I turn from him and follow the corpse of the man who left our house only days before, because I can tell without a doubt in my mind that Callum is dead. Whoever wakes from this will be a different man. My heart breaks because I have just lost the man I finally let myself love. I only loved him for a few seconds when he was gone. I just couldn’t admit it. Now he is gone and I am wrecked.

Once again death has followed me. I am the shadow where it hides. I am poisonous.

I DON’T KNOW WHAT happened, I am not where I am supposed to be. I have also been beaten again while I was out. The beating was more than my body could take. I am completely broken. Something has gone wrong. The biting anger at another betrayal pulses through me but is overtaken by pain. Agony like I have never felt before.

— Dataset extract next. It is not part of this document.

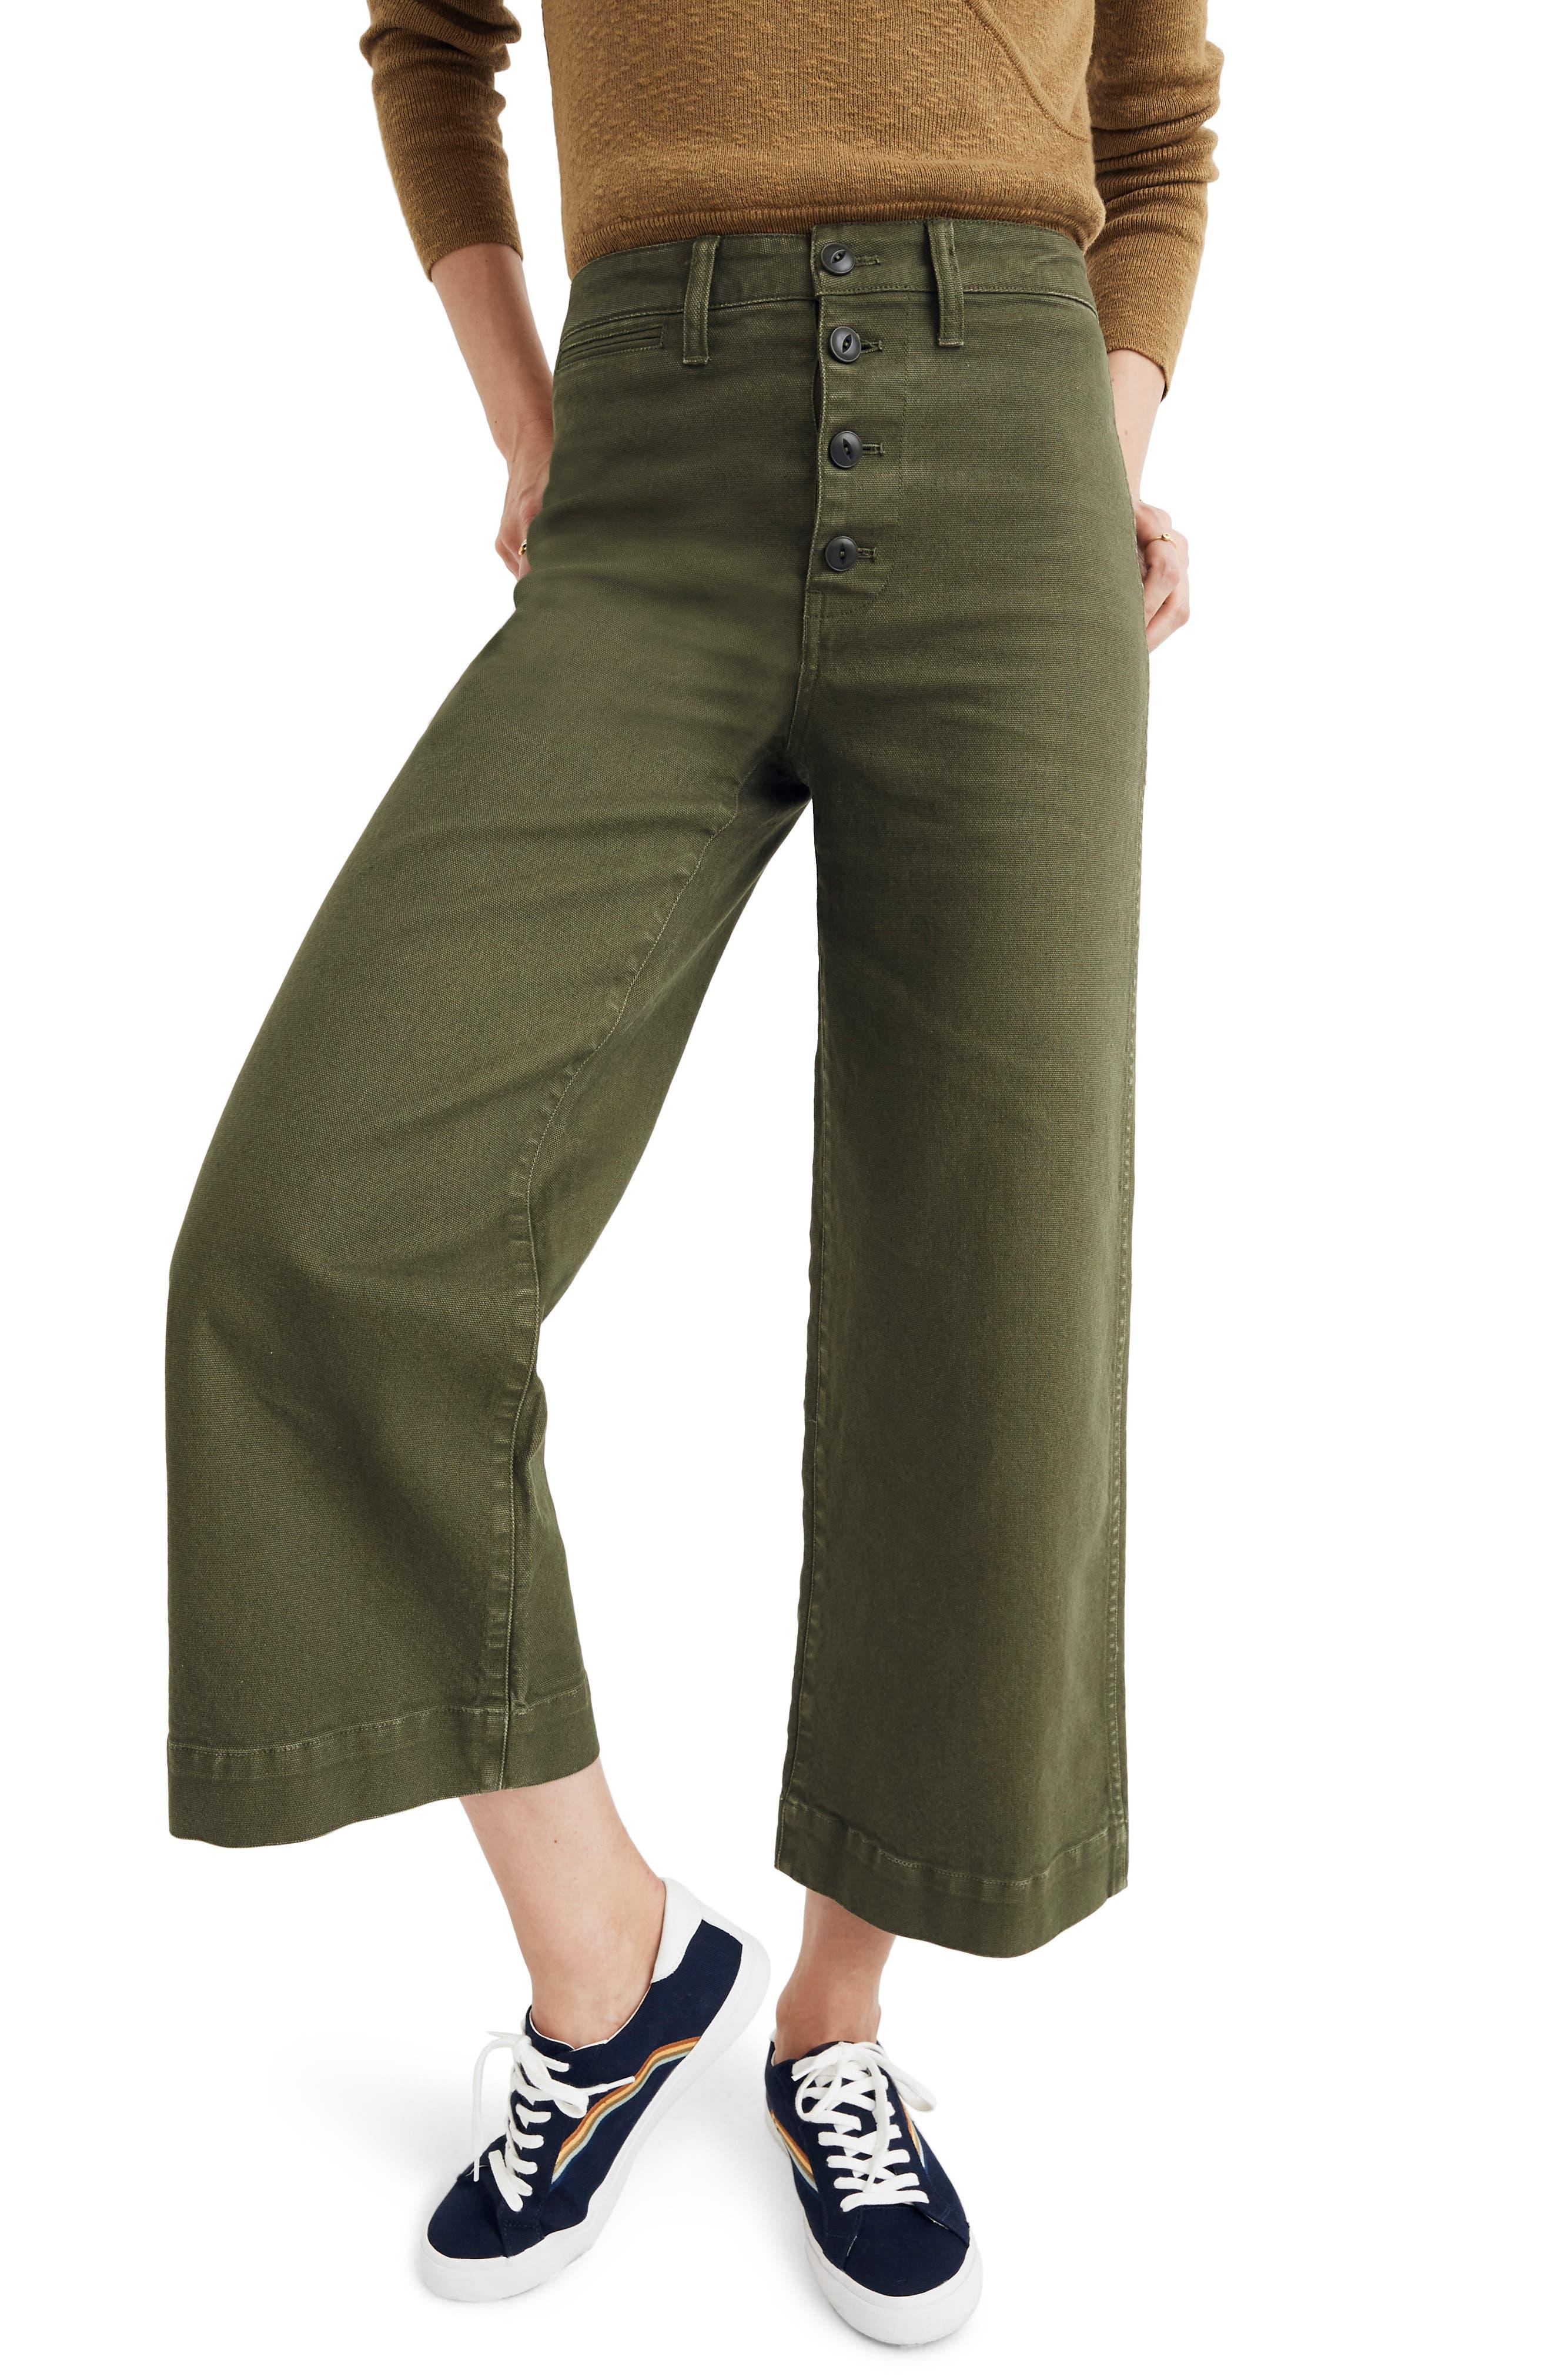 MADEWELL, Emmett Crop Wide Leg Pants, Main thumbnail 1, color, LODEN

I saw the police, I heard the EMT’s. I felt every single bump of the drive ricochet pain through my body and my head. My head hurts so badly, let me just sink back into the black hole I was in. I am lifted up again and I wail from the agony. I hear the cry rip from me and I cannot stop it. I cannot open my eyes more than a hairline crack. I smell her. Then I hear her gasp and a muffled cry. I must look worse than I feel for her to react at all.  She is here with me, she didn’t run away as soon as Neil died. She stayed.

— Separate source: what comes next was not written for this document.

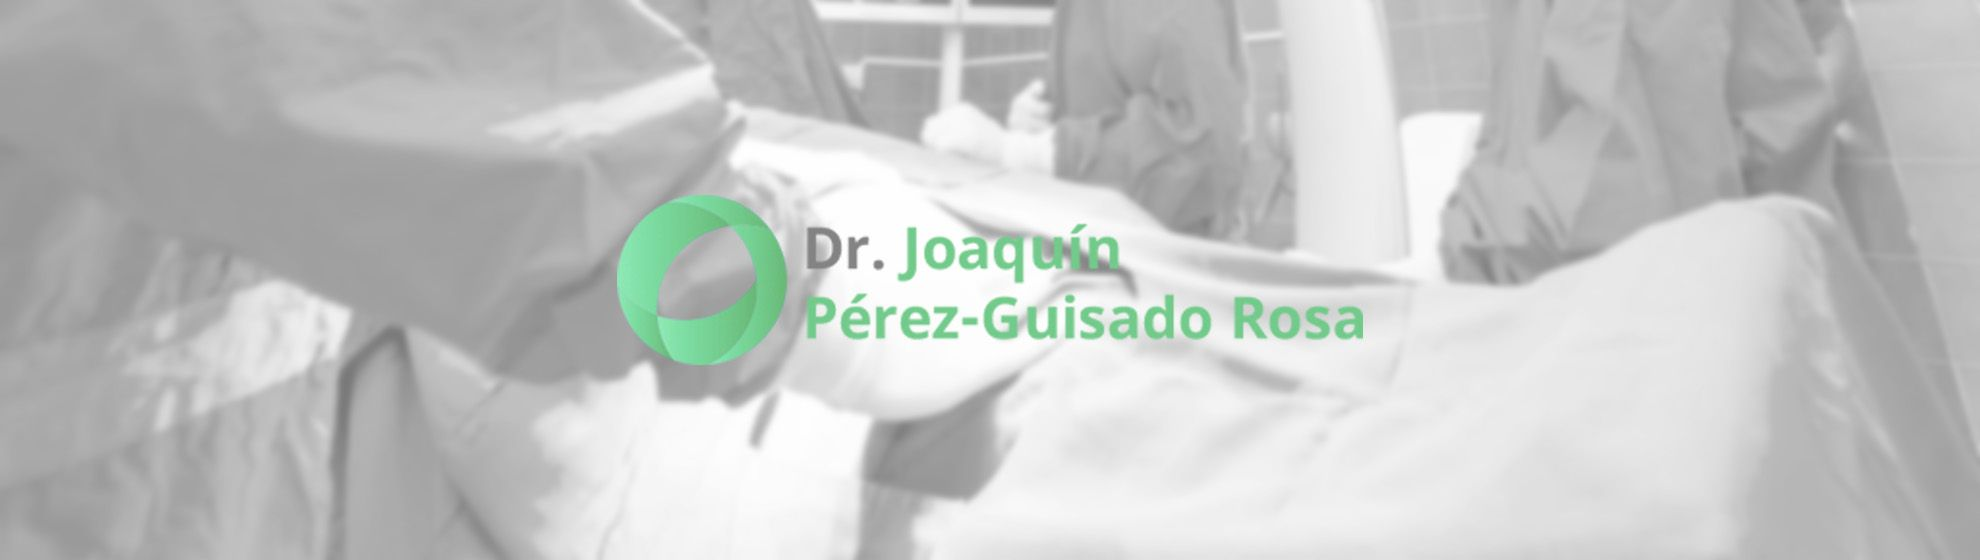 Dr. Joaquín Pérez Guisado Rosa

Before I can stop hurting I hear her command them to take me away to the hospital. Then the black-hole returns thank the good Lord for small mercies. I am not used to hurting, I do the hurting. This is too much, it’s unbearable.

I don’t need to go to the hospital I want to make them stop, make the pain stop. Make everything stop, turn it all back forty years and let me die on the steps with my mother. I want that bullet that took her. I want to erase myself from it all.

I try to pry my eyes open to see what is going on, the noise around me is just a cacophony of sounds my brain cannot sort them out. I feel Shannon holding onto my hand as I am moving fast through the tunnel of light and noise. I can smell her close to me when I stop.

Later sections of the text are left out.